(GIVEN INFORMATION begins)
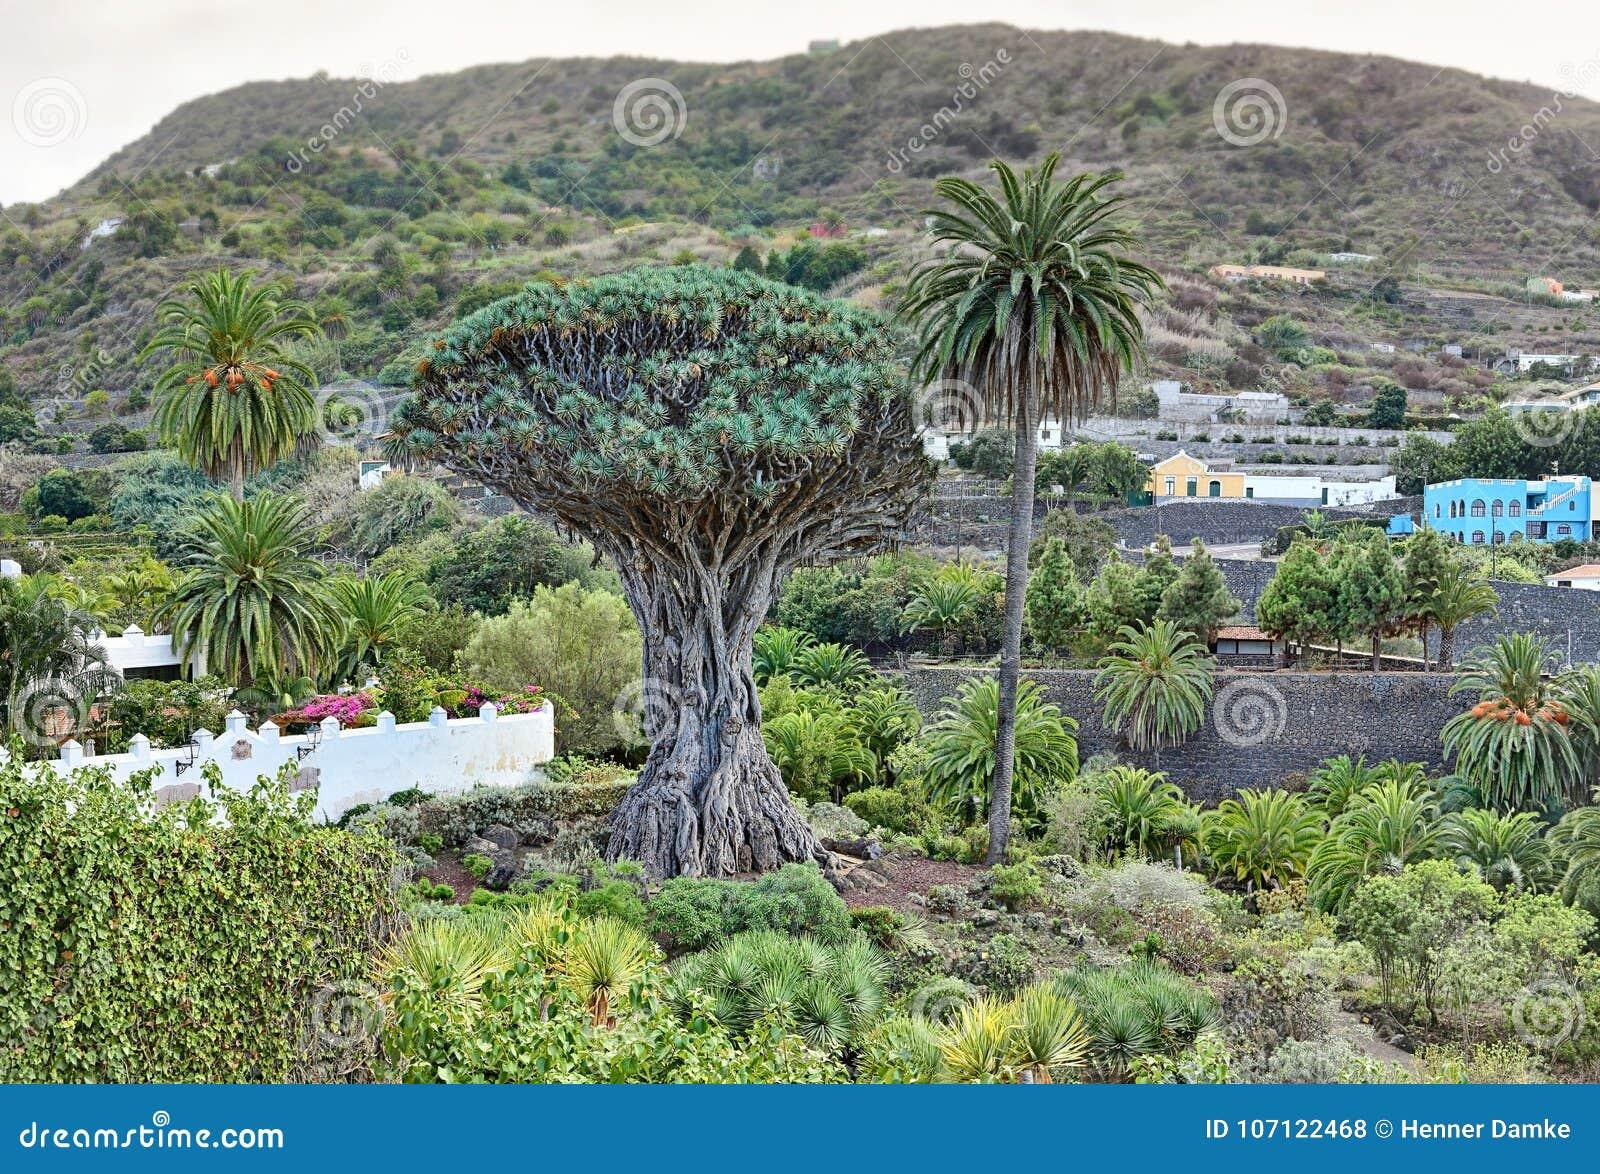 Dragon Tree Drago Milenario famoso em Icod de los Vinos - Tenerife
(GIVEN INFORMATION ends)
(GIVEN INFORMATION begins)
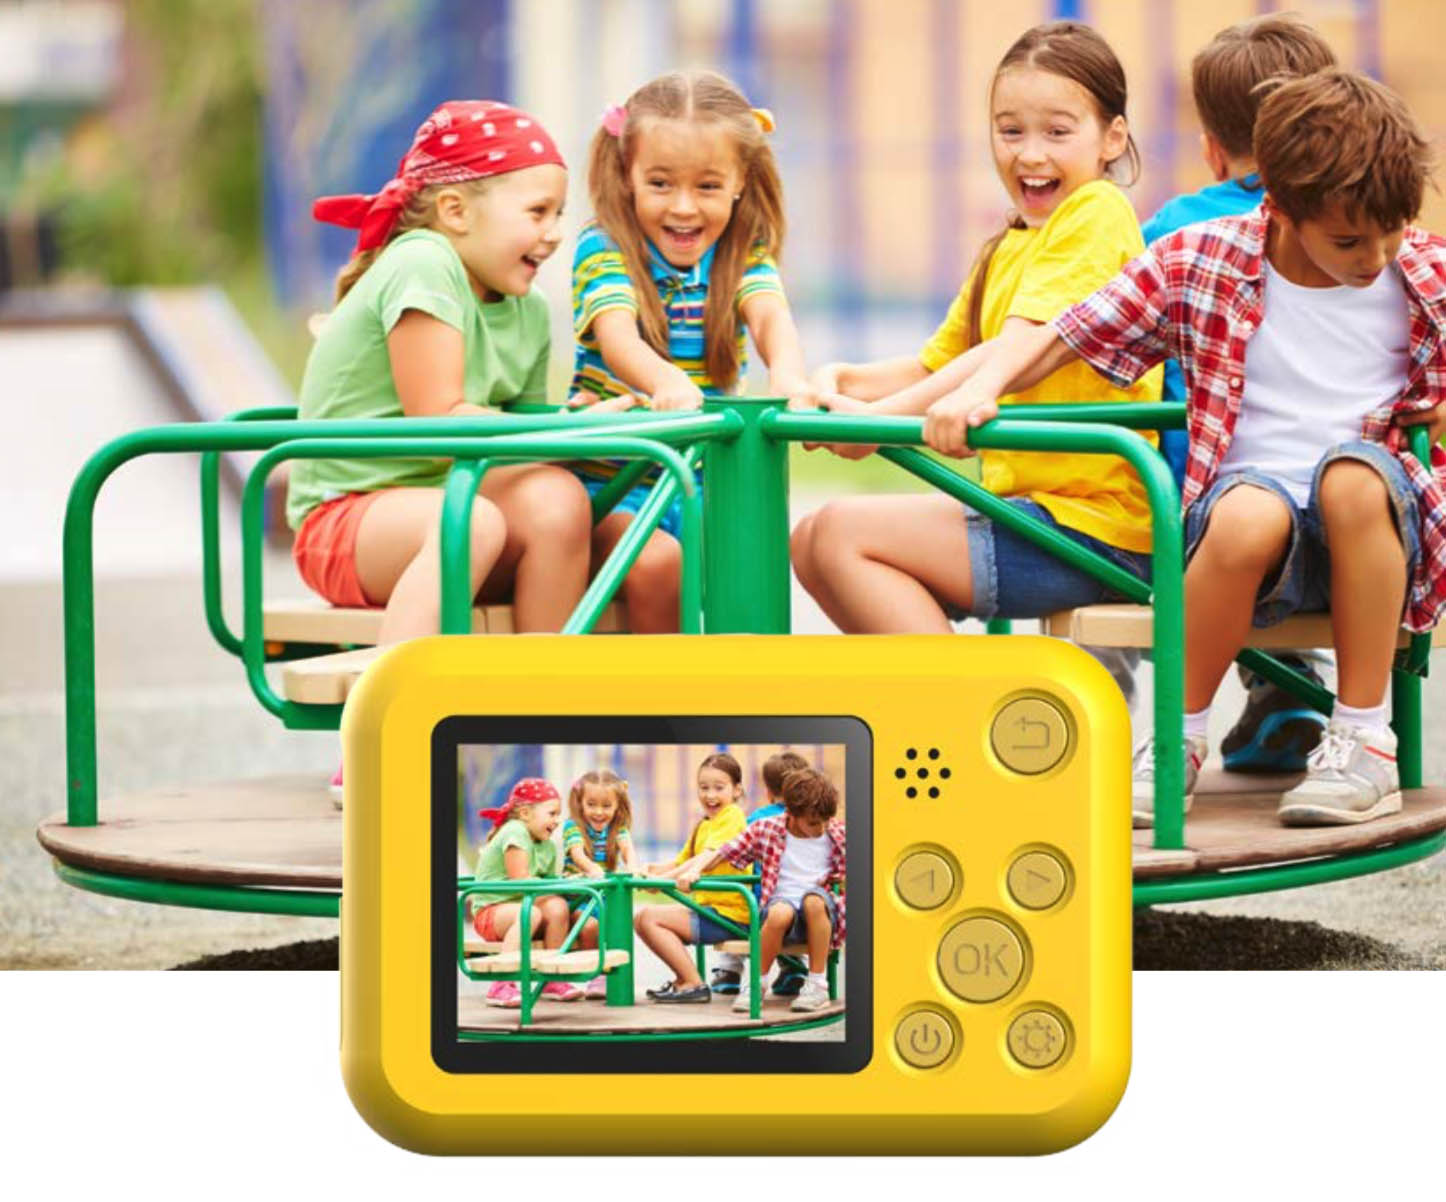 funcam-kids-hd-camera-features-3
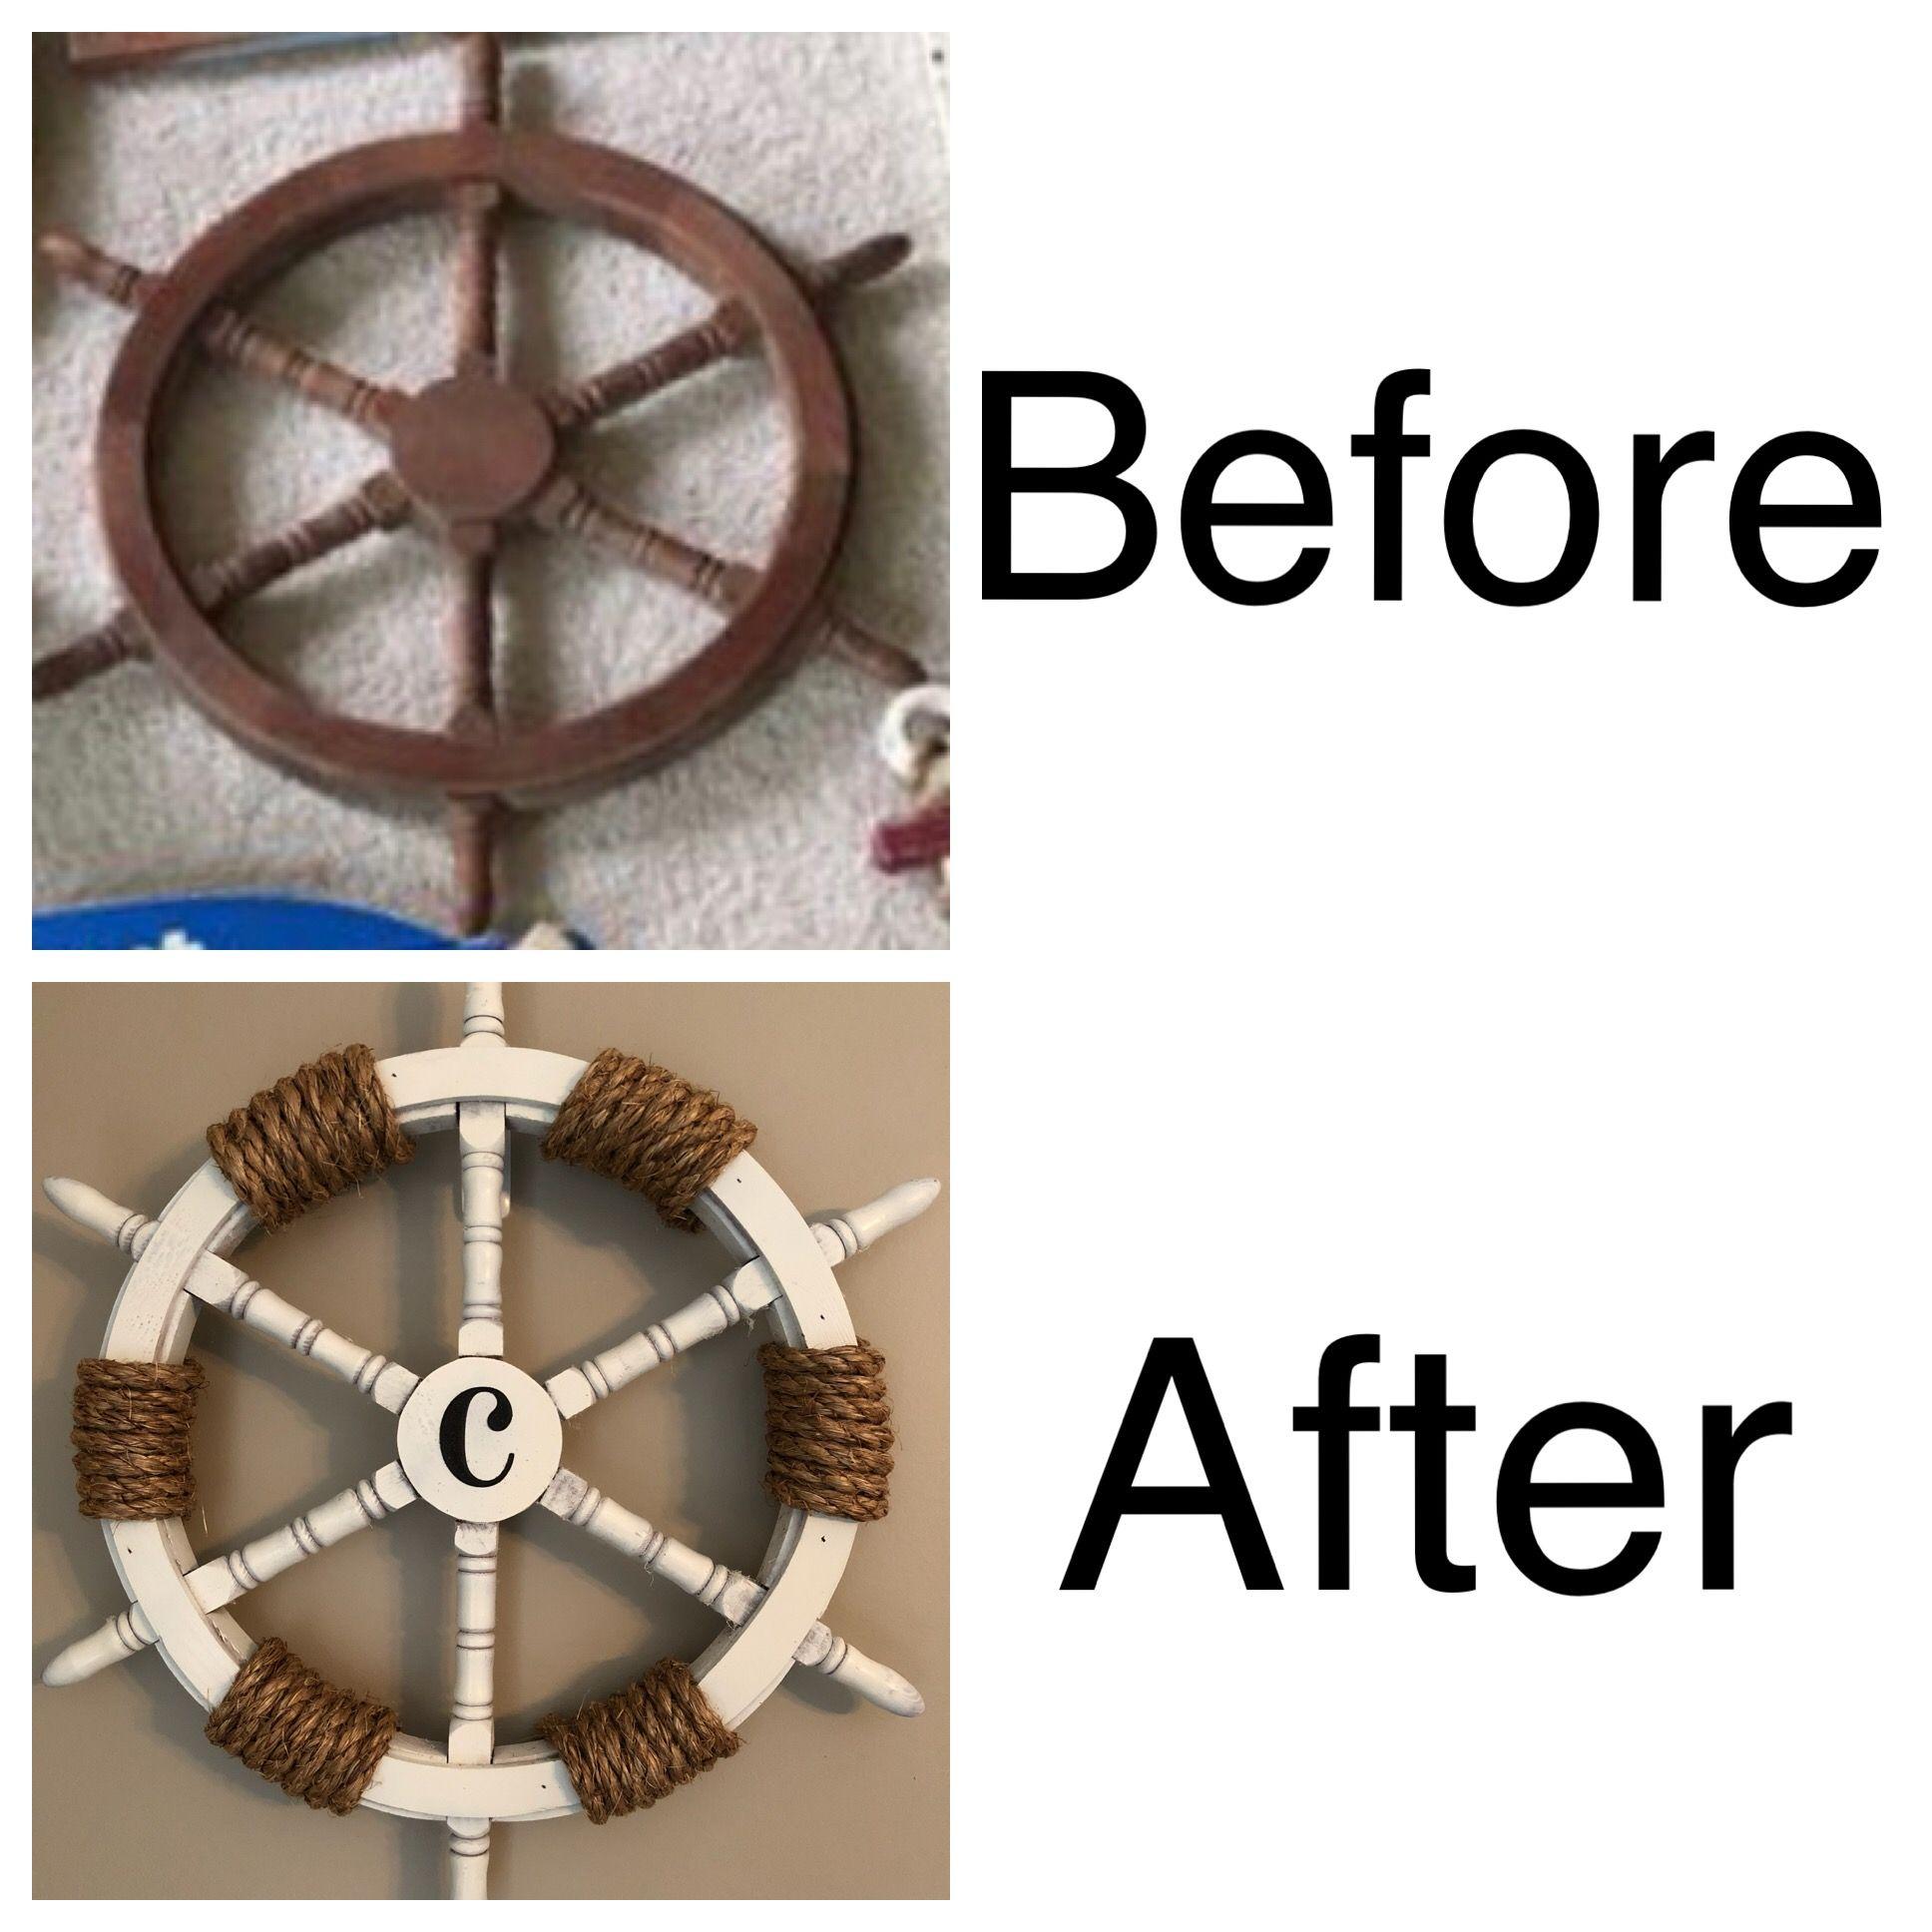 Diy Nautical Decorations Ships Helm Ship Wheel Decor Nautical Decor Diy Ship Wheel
(GIVEN INFORMATION ends)
### WHAT YOU ARE ASKED TO DO:
Repeat only the stretch of data above that runs from the line with "funcam-kids-hd-camera-features-3" to the line with "Diy Nautical Decorations". Keep both end lines; exclude pictures.

### WORKED SOLUTION:
 funcam-kids-hd-camera-features-3
 Diy Nautical Decorations Ships Helm Ship Wheel Decor Nautical Decor Diy Ship Wheel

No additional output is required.